JoshuaAtherton said:


> You're a wrong direction


hello remimber me you said you whold put up some pictures of your coins


----------



## montysrainbow (Apr 16, 2012)

Hey Geckoboy....how was your first day back at school?


----------



## Origamislice (Apr 16, 2012)

Question: which way do all bad singers travel?
Answer: In one direction

HAHAHAhahahehehoo...
i'll just go now.....


----------



## geckoboy2001 (Apr 17, 2012)

what i dident have to go back to school i live in adelaide and my school holidays start one week latey then others


----------



## dihsmaj (Apr 17, 2012)

geckoboy2001 said:


> what i dident have to go back to school i live in adelaide and my school holidays start one week latey then others


o okey


----------



## montysrainbow (Apr 17, 2012)

Gecko boy lol Ohhhh ok. sorry i 4 got other states are diff 2 QLD. How r ur holidays going?


----------



## Snowman (Apr 17, 2012)

didn't some old lady get infracted for talking about one direction :shock::lol:
Just a quick joke. Let it be....


----------



## disintegratus (Apr 17, 2012)

No no, that was One Opinion

Or was it One Orientation?


----------



## reptalica (Apr 17, 2012)

disintegratus said:


> No no, that was One Opinion
> 
> Or was it One Orientation?



No direction.

They will be the next Hanson.


----------



## geckoboy2001 (Apr 17, 2012)

good brandy nothings gon rough only i hate this kid called lucas he is an *** hole
yeap i hate him he is a piece of **** i want ti kill him soz for swering


----------



## montysrainbow (Apr 18, 2012)

oh thats no good geckoboy! try to stay away from him mate....people like that are not worth the worry or time. enjoy the rest of your time off


----------



## geckoboy2001 (Apr 18, 2012)

thanks brandy ill talk to you on friday because im at my nans house see you xxx tomorro im going to reptile city


----------



## snakeluvver (Apr 20, 2012)

Kimberlyann said:


> Did you see the posters from the little 12yr old girls when they came to Australia?
> "point your (starts with e and rhymes with direction) in my direction"
> Umm, your 12, i dont think those thoughts should be going thru your mind yet...
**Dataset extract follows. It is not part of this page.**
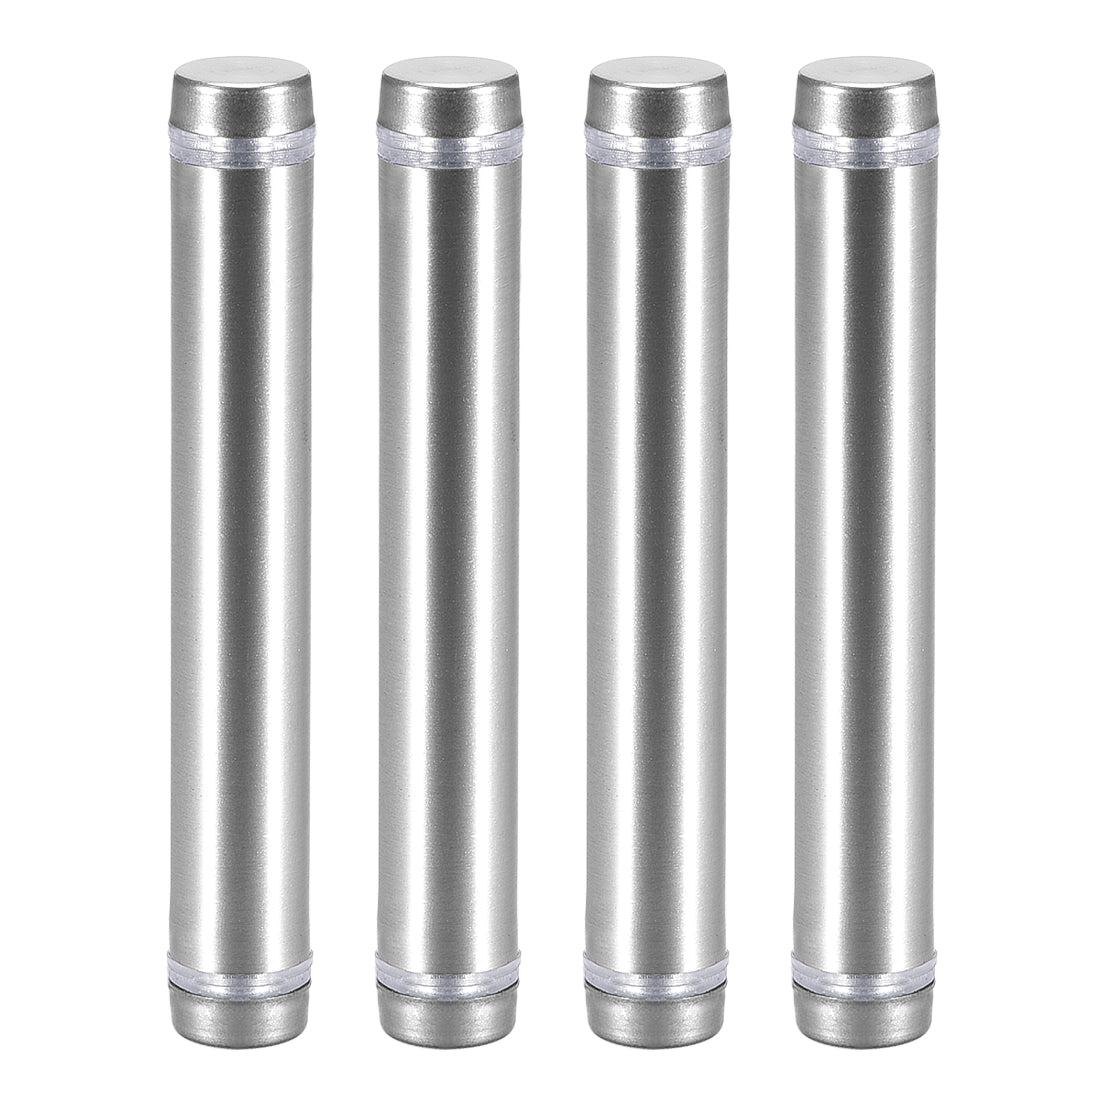 uxcell Uxcell Glass Standoff Double Head Stainless Steel Standoff Holder 12mm x 84mm 4 Pcs

Go to my school and the 12yr old girls are doing more than just THINKING about that stuff, sadly.


----------



## geckoboy2001 (Apr 20, 2012)

snakeluvver said:


> Go to my school and the 12yr old girls are doing more than just THINKING about that stuff, sadly.


how old are you


----------



## dihsmaj (Apr 20, 2012)

Geckoboy, seriously mate, talk in PMs, not in threads, if you want to talk to one member specifically.
SRSLY U GUISE


----------



## geckoboy2001 (Apr 20, 2012)

be queit


----------



## dihsmaj (Apr 20, 2012)

geckoboy2001 said:


> be queit


Hahahahahahahahaha


----------



## montysrainbow (Apr 21, 2012)

Geckoboy take it from me sweet heart these guys are only trying to stir and get a bite from you....as annoying as their smart bum comments are just ignore them. If there is one thing i have learnt in life its this 'The best way to deal with a bully is to be nice to them' or ignore them. If you want to chat to me via a thread feel free! lol its a free world ....they cant stop u!


----------



## dihsmaj (Apr 21, 2012)

>flooding the thread is okay as long as you're being nice to other people


----------



## geckoboy2001 (Apr 21, 2012)

thanks brandy what reptiles do you
have


----------